_Data shown_:
====

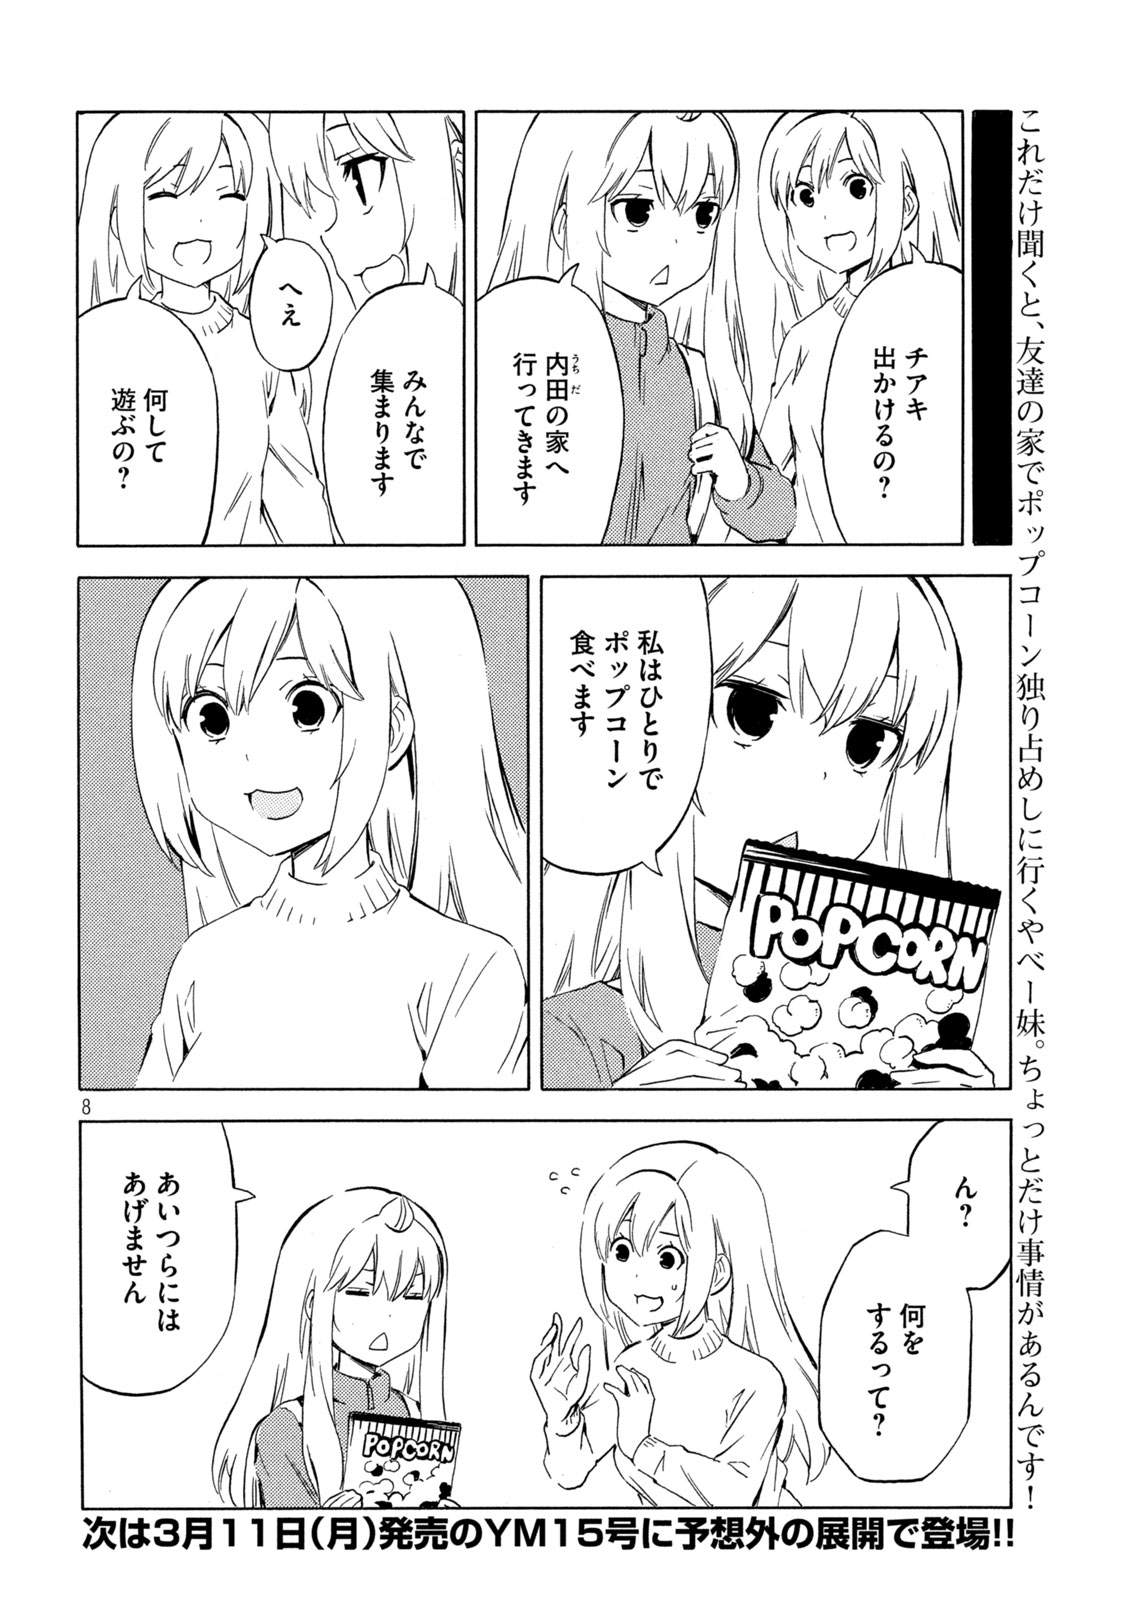 Minami-ke - Chapter 479 - Page 8
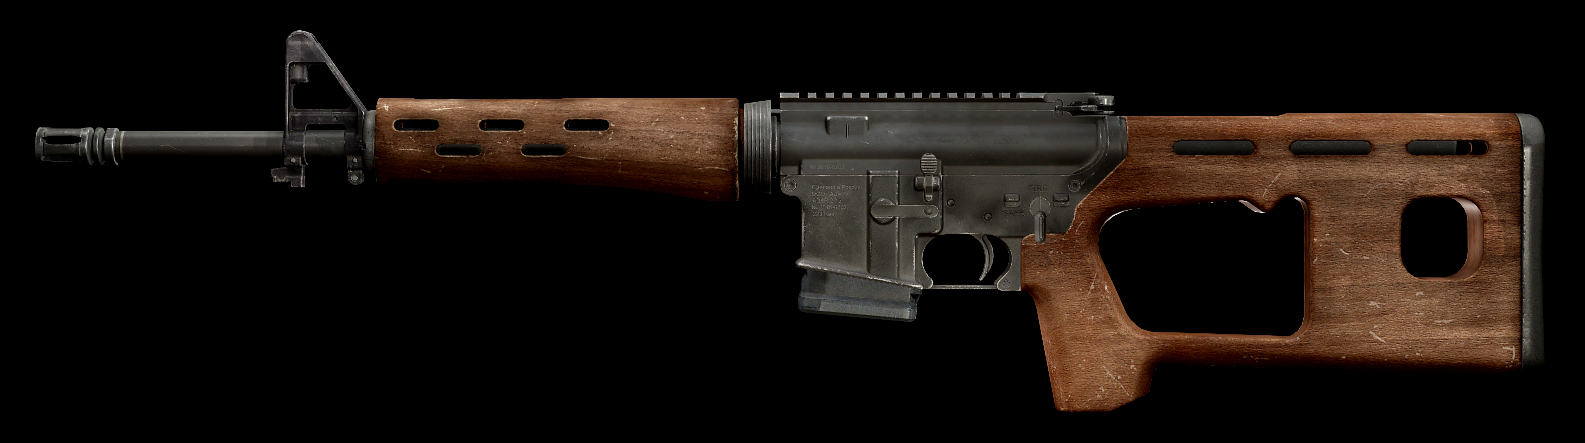 ADAR 2-15 5.56x45 carbine - The Official Escape from Tarkov Wiki
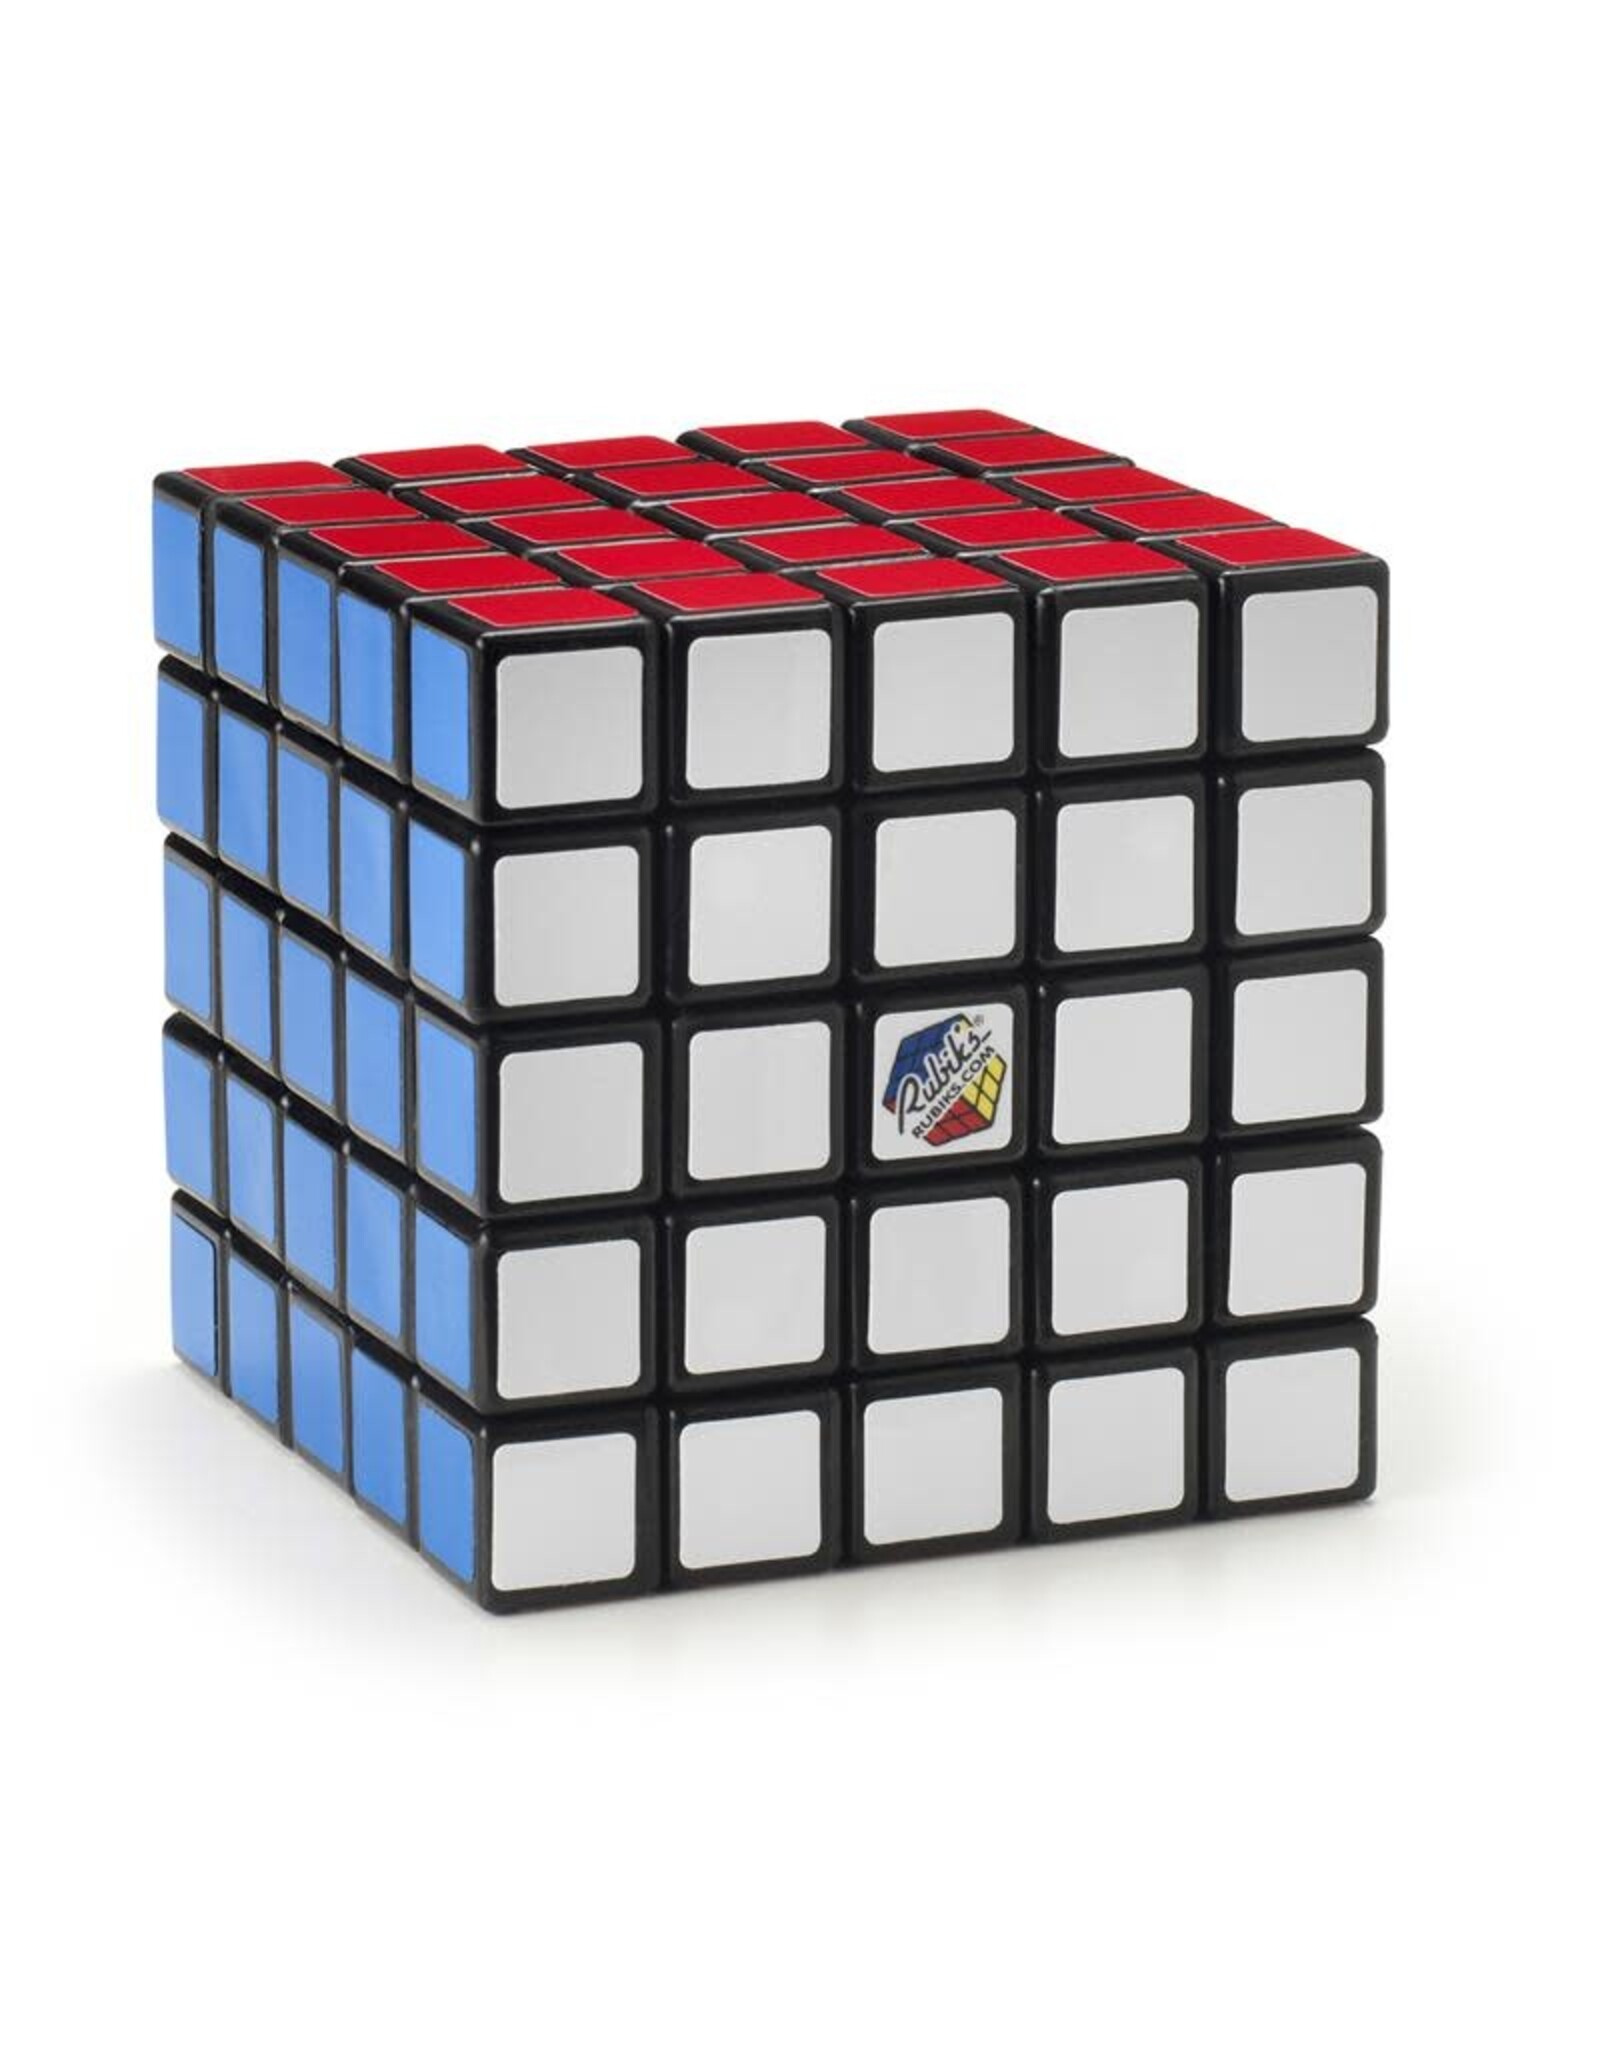 Gund/Spinmaster RBK COR Rubiks 5x5 Professor
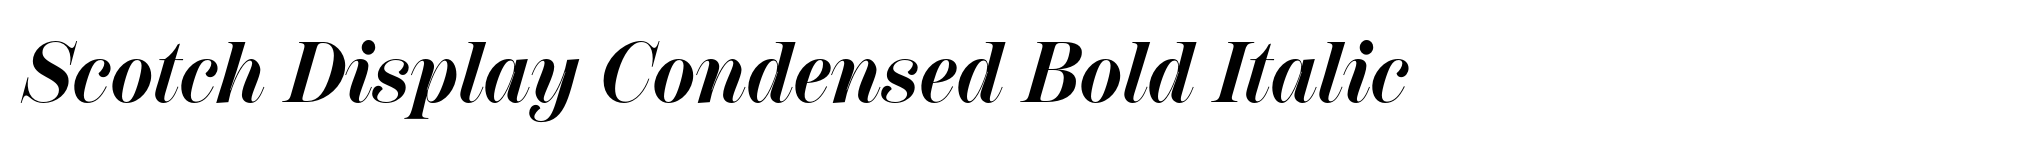 Scotch Display Condensed Bold Italic image

====

Return exactly the lines from the line with "Gund/Spinmaster RBK COR Rubiks 5x5 Professor" through the last line of the data above, both included; pictures do not go in the answer.

 Gund/Spinmaster RBK COR Rubiks 5x5 Professor
 Scotch Display Condensed Bold Italic image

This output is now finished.